For real news of the city, readers had to rely on the newspapers published
outside the city, like the
Daily Register
.
“With that settled, how about
giving me something juicy to pass on to my readers, huh?” Strefer asked.
Rurek laughed, fully and loudly.
“You really don’t give up, do you? Sorry. I wish I could help you, I really do.
There’s just nothing going on right now. A couple of my guys broke up an
attempted rape today. Some halfbreed. Aside from that, it’s just been the
run-of-the-mill stuff.” He finished his drink and sat up straight on his stool.

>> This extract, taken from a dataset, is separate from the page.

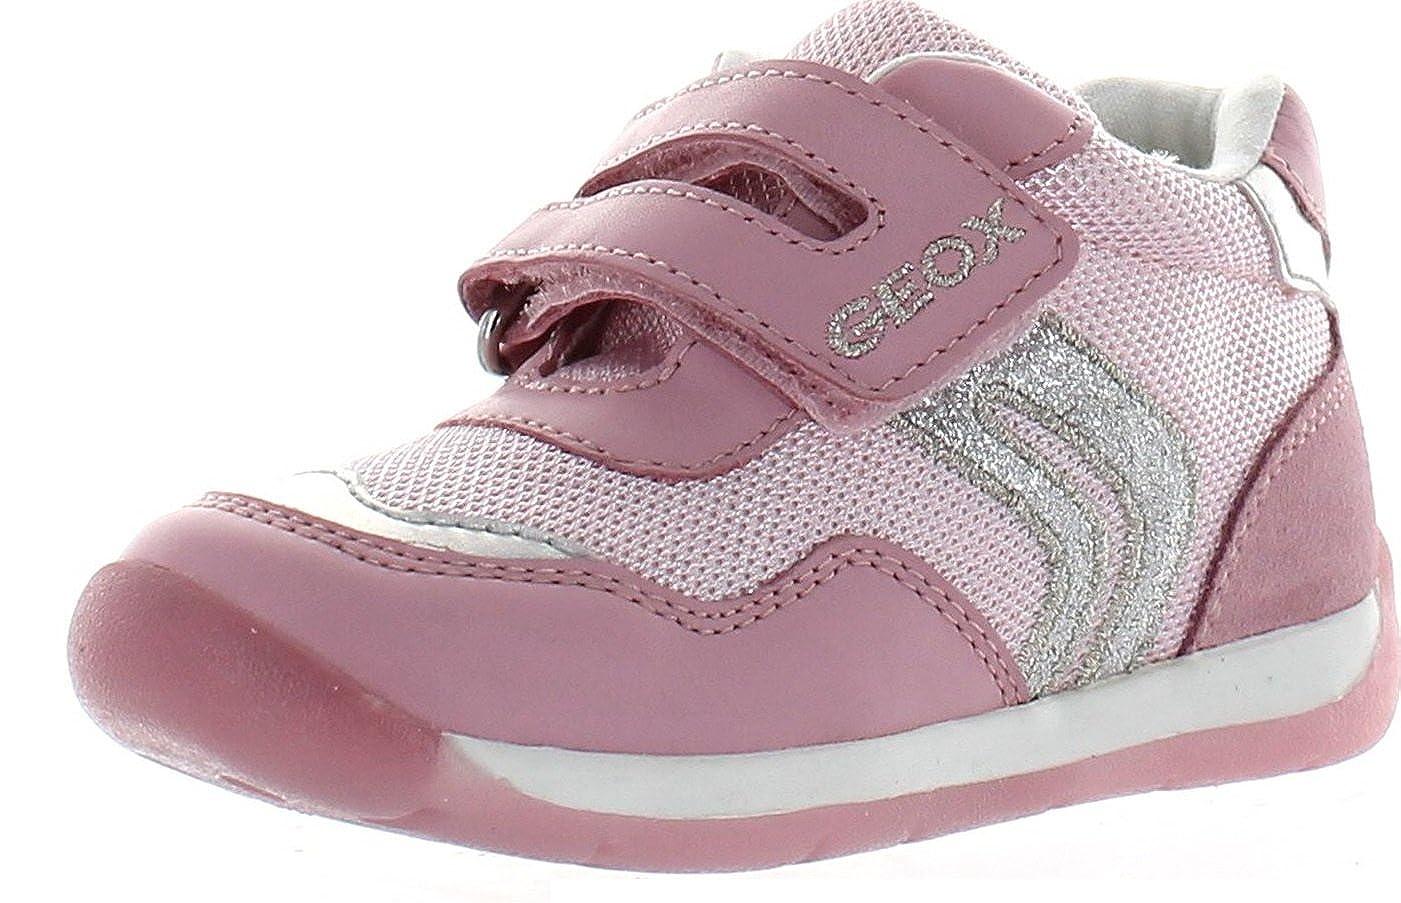 Geox Girls Baby Each Girl Fashion Sneaker
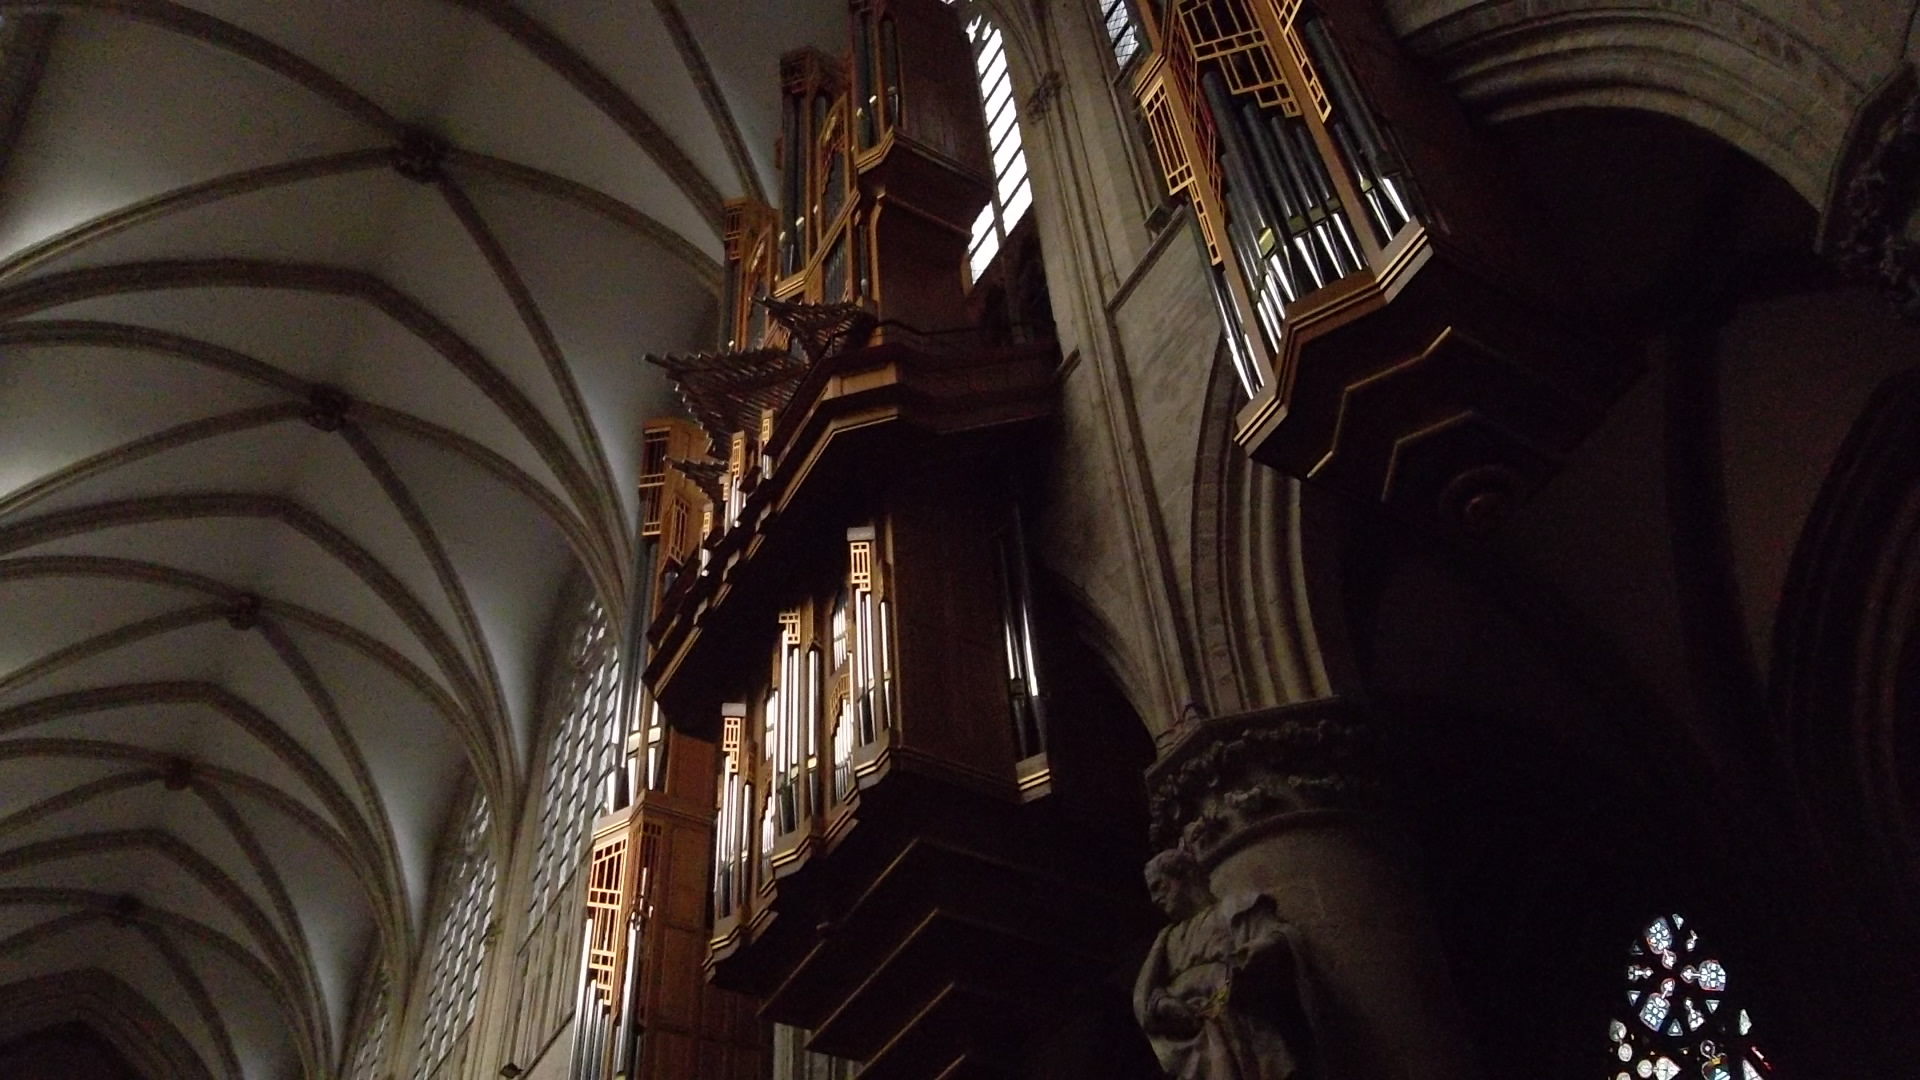 bru-cathedral-st-michel-st-gudule-organ-dec12

“You know, it amazes me sometimes. This city was built to be the home of the
Triumvirate, where the people of three nations gather to work together. So what
happens every year when the Grand Council session starts? You get idiots from
all over deciding that they need to settle all the old rivalries on the
streets. It’s ironic.”
Strefer nodded. “That’s a good
angle. I like that.” She couldn’t make a whole story out of it, but she filed
it away for later reference.
“Thank you,” he said. “Just don’t
quote me on that, all right?”
“Deal,” she said. She finished her ale
and dropped a few coins on the bar. “I guess I better get going, if that’s all
you’ve got for me tonight. Looks like I’ll have to go out on the streets and do
some real reporting.”
“For a change,” Rurek said with a
chuckle.
“For a change,” Strefer said as she
walked out into the crisp night air.